In the 1960s, Mertz authored two books on ancient Egypt: Temples, Tombs and Hieroglyphs, a popular history of ancient Egypt; and Red Land, Black Land, which explores daily life in ancient Egypt. Both have remained in print ever since, and revised editions were released in 2007 and 2008, respectively.
Under the name Barbara Michaels, she wrote primarily gothic novels and supernatural thrillers. Her publisher chose that pseudonym since Mertz had already published one non-fiction book on ancient Egypt, and the publisher did not want Mertz’s novels to be confused with her academic works.

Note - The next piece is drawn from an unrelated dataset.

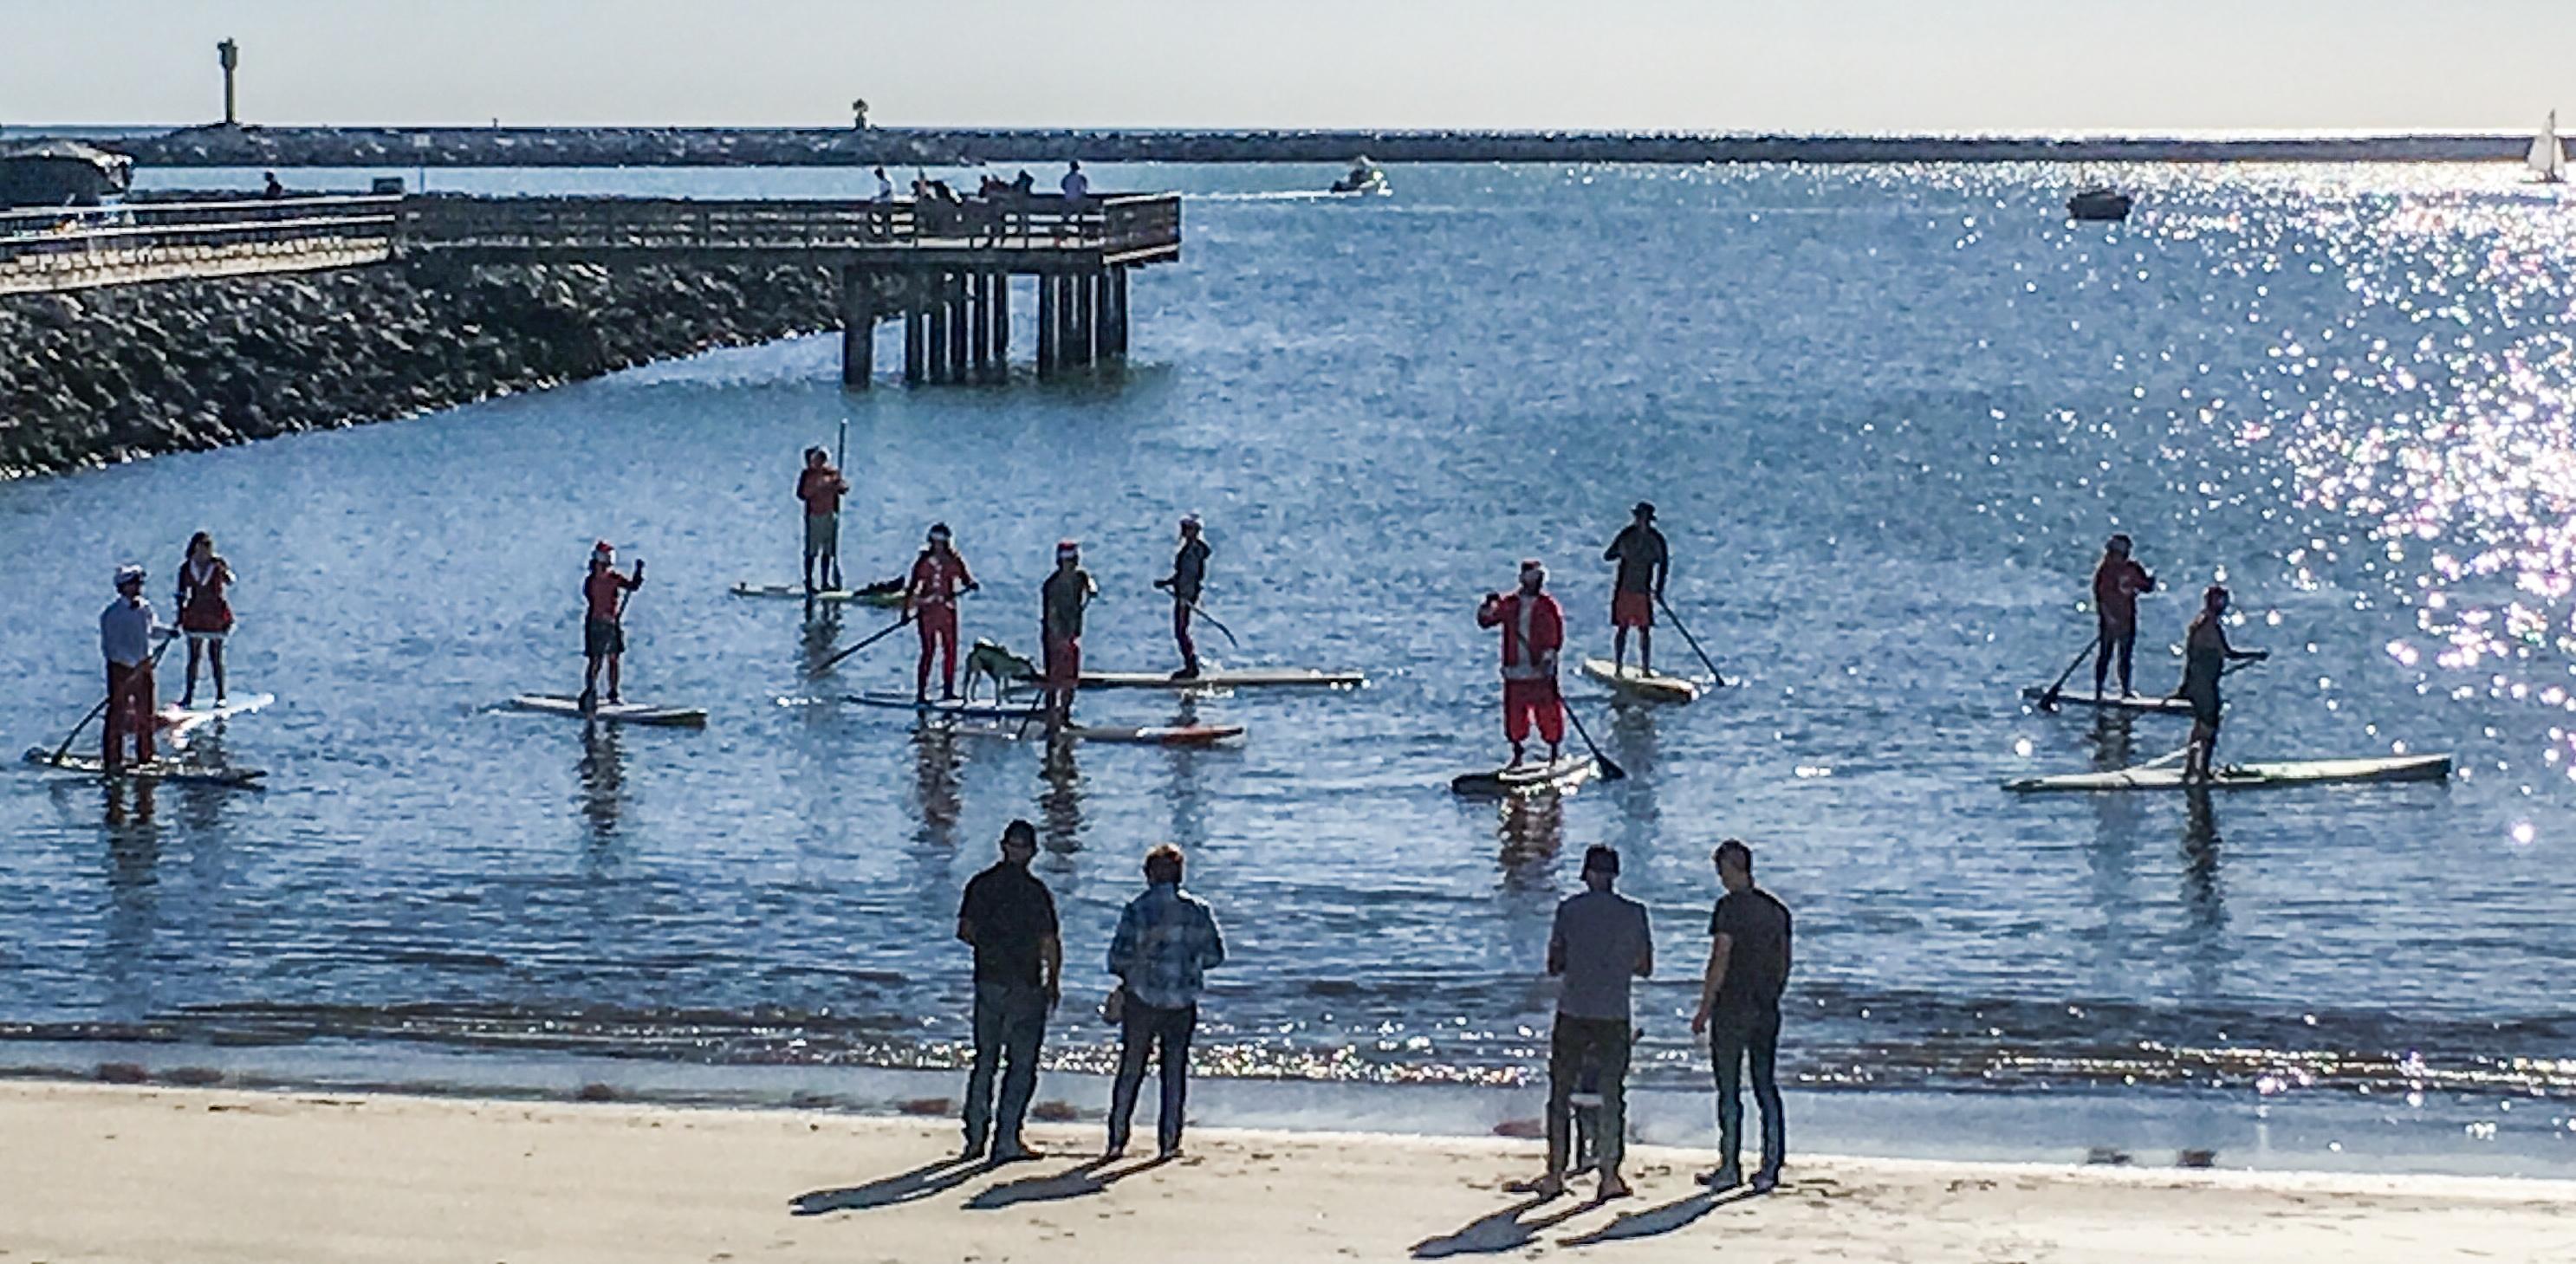 Paddle boarding Santas at the Half Moon Bay Yacht Club Dan Page / CoastsideSlacking

The first best-selling Michaels novel, Ammie, Come Home, was eventually made into a movie featuring Barbara Stanwyck; a later Michaels book, The Crying Child, was adapted into a film featuring Mariel Hemingway. Although most of Michaels’ books are stand-alone, Mertz did develop two short series under this pen name: (1) the Georgetown Trilogy (Ammie, Come Home; Shattered Silk; and Stitches in Time) and (2) the paired set of Someone in the House and Black Rainbow.
The first Michaels novels, The Master of Blacktower and Sons of the Wolf, paid homage to a romantic and gothic tradition of writing reaching back to Jane Eyre and forward to later writers such as Mary Stewart and Phyllis Whitney (with whom Mertz carried on a lively correspondence for many years). The final novel written by Barbara Michaels was Other Worlds, published in 1999.
Barbara Mertz was also the recipient of a number of grandmaster and lifetime achievement awards, including being named Grandmaster at the Inaugural Anthony Awards in 1986 and Grandmaster by the Mystery Writers of America in 1998; in 2003, she received a Lifetime Achievement Award at the Malice Domestic Convention.[14] In 2012 she was honored with the first Amelia Peabody Award at the Malice Domestic Convention; the award was named after the leading character in her long-running series.
Have you read this series? What were your thoughts? Did the books stick with you to become classics you could reread?